Credit where credit is due. The way that the nuclear sector is stewarding its waste in Canada is its strength, not its weakness. This should be acknowledged and promoted as we think about what our future energy systems should look like.

The process to find a forever home for Canada’s nuclear waste began in 2008, when the NWMO first developed principles for how it would choose a site. In 2010 it started welcoming expressions of interest from communities to learn more about the project. By 2012, 22 communities had requested to explore the process further, including three in Saskatchewan, where Canada’s uranium is mined; and 19 in Ontario, where the vast majority of its nuclear waste is produced.

Screening based on technical and safety suitability, as well as likely support of the host communities, narrowed the candidates down to two potential sites, each with an affected municipality and a First Nation: Ignace and Wabigoon Lake Ojibway Nation near the Ontario-Manitoba border, and Saugeen Ojibway Nation and South Bruce near the Bruce nuclear station.

In the coming months Wabigoon Lake, Saugeen and South Bruce, following in Ignace’s footsteps, will also indicate to NWMO whether or not they are willing hosts. NWMO will then choose a site and enter into the regulatory approval stage. Community consent is not the end of the process, but rather the beginning.

The project has the advantage of time on its side: In their current locations, Canada’s various nuclear waste facilities pose no imminent environmental or human risk. The NWMO literally has decades to get its long-term solution for spent fuel right. Other resource projects, say in mining or oil and gas, don’t have the same time frame and insulation from market prices, and can’t replicate the NWMO approach. That said, it is in many ways a model that provides lessons and deserves praise.

The task the NWMO and its community partners are assuming is in some ways mind-boggling. They are taking care of our spent fuel not only for the next generation, but for the next civilization. The plan for where to store the nuclear waste is not measured in centuries; the chosen location must be suitable for geological epochs. Used nuclear fuel loses about 99 per cent of its radioactivity in the first 10 years after removal from the reactor, but it takes about a million years for it to reach the original level of natural uranium.

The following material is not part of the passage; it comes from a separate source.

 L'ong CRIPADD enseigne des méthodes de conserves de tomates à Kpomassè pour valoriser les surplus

The two shortlisted regions – Ignace/Wabigoon Lake and South Bruce/Saugeen – are technically suited for the task. They both have highly stable geology and face minimal seismic or volcanic activity. Their rock is extremely dense and hard for water to penetrate. At the depth at which the repositories would be built, about 650 metres below surface, no aquifers exist. Initial testing of porewaters – the water found in the very small spaces between sediment particles – show they have been isolated for millions of years. There is no possibility of groundwater contamination, or contact with the Great Lakes.

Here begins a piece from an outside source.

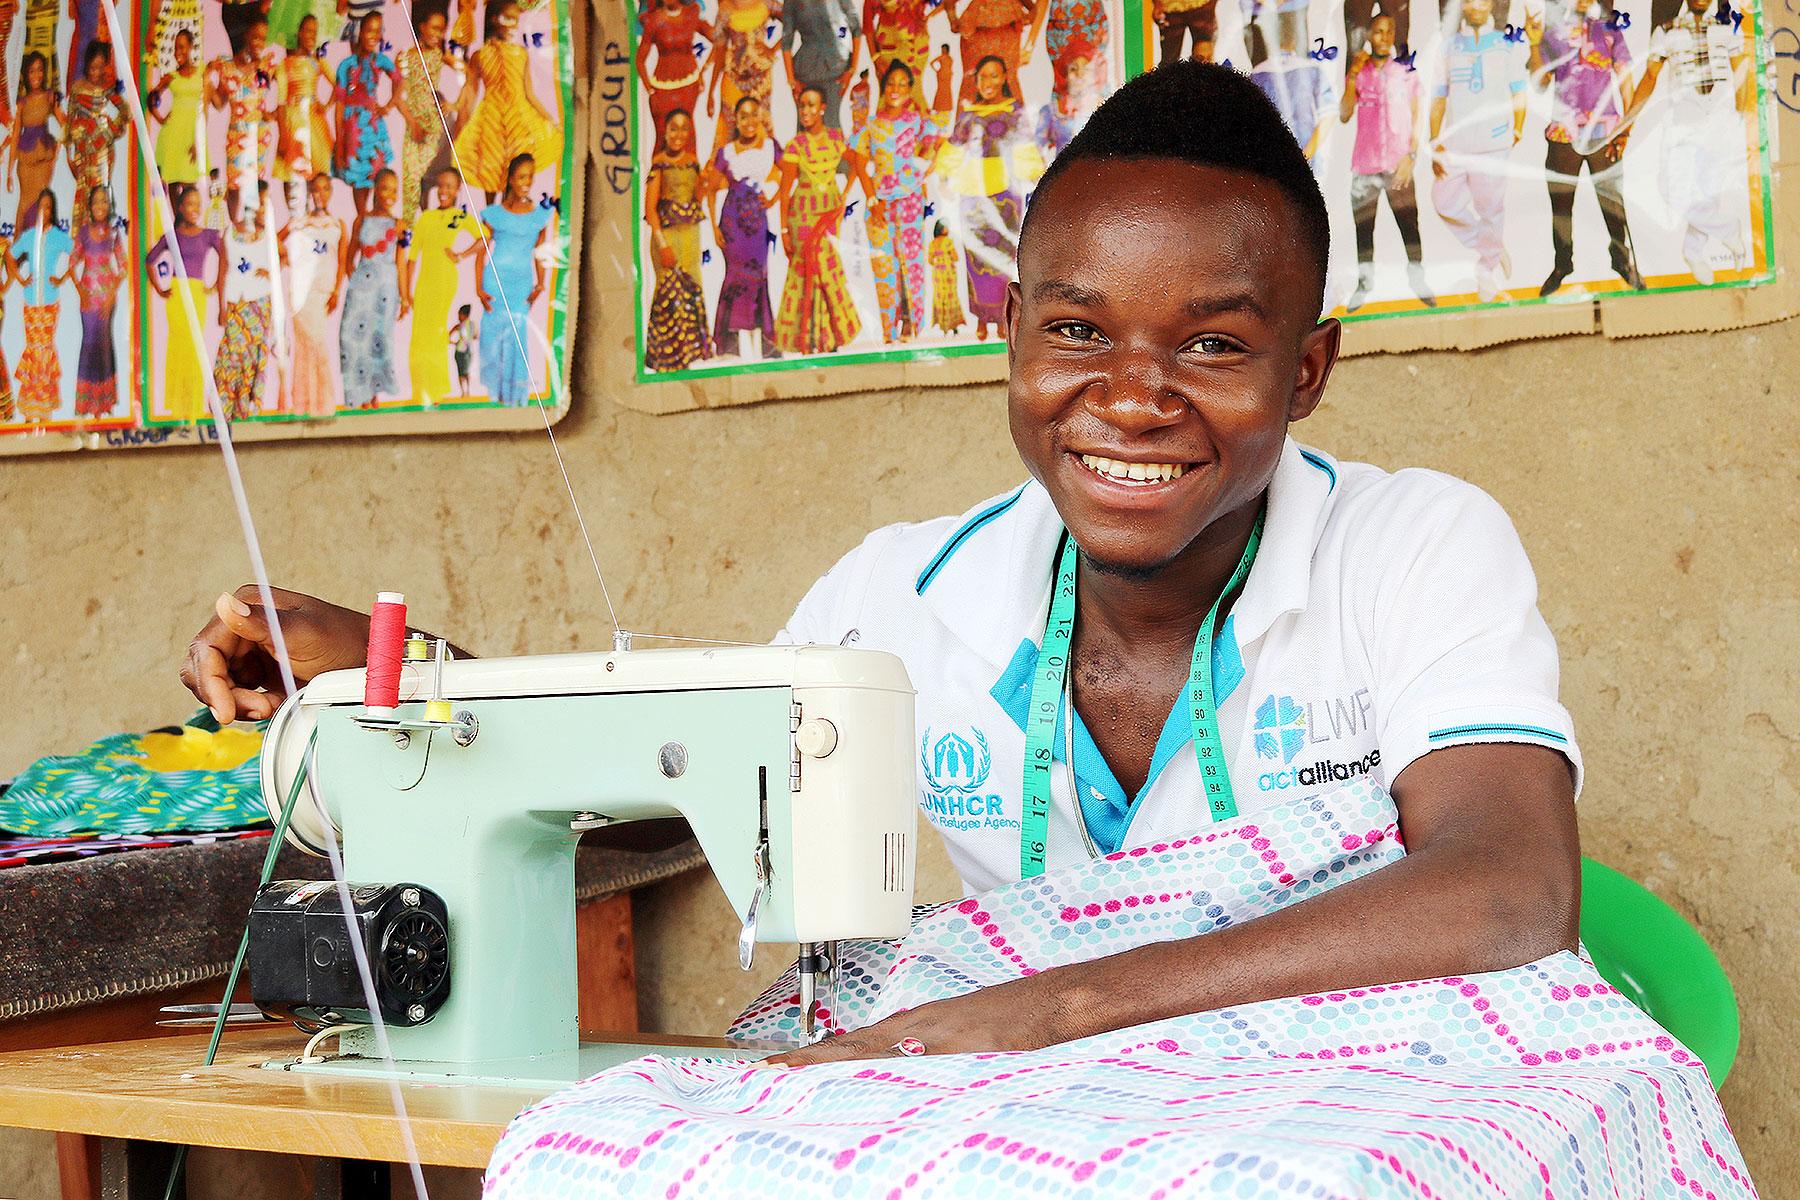 In Uganda leistet der LWB ebenfalls humanitäre Arbeit und unterstützt dort Menschen, die vor den Konflikten in den Nachbarländern Südsudan und DRK geflohen sind. In der Flüchtlingssiedlung Rwamwanja ist der Kongolese Zubert Masuku inzwischen ein anerkannter Modedesigner, der Jugendlichen außerdem eine kostenlose Ausbildung anbietet. Foto: LWB/S. Gallay

Unlike other energy producers, nuclear operators track and manage every gram of waste they produce. Canada’s used nuclear fuel bundles, if stacked like logs, would fit into nine NHL hockey rinks from the ice surface to the top of the boards. The operators’ safety track record is near perfect, as it must be. Their incredible diligence is owing to the stark reality that any significant accident, anywhere, would be an existential threat to assets worth tens of billions of dollars.

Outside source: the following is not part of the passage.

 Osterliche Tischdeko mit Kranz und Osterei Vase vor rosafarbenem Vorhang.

The hard work and strong track record has paid off. The Canadian nuclear sector has achieved what many would have thought impossible – securing community consent to host a depository for nuclear waste. Those that are incredulous must acknowledge that the people of Ignace who voted in its favour are far more knowledgeable about the project than they.


Heather Exner-Pirot is director of energy, natural resources and environment at the Macdonald-Laurier Institute.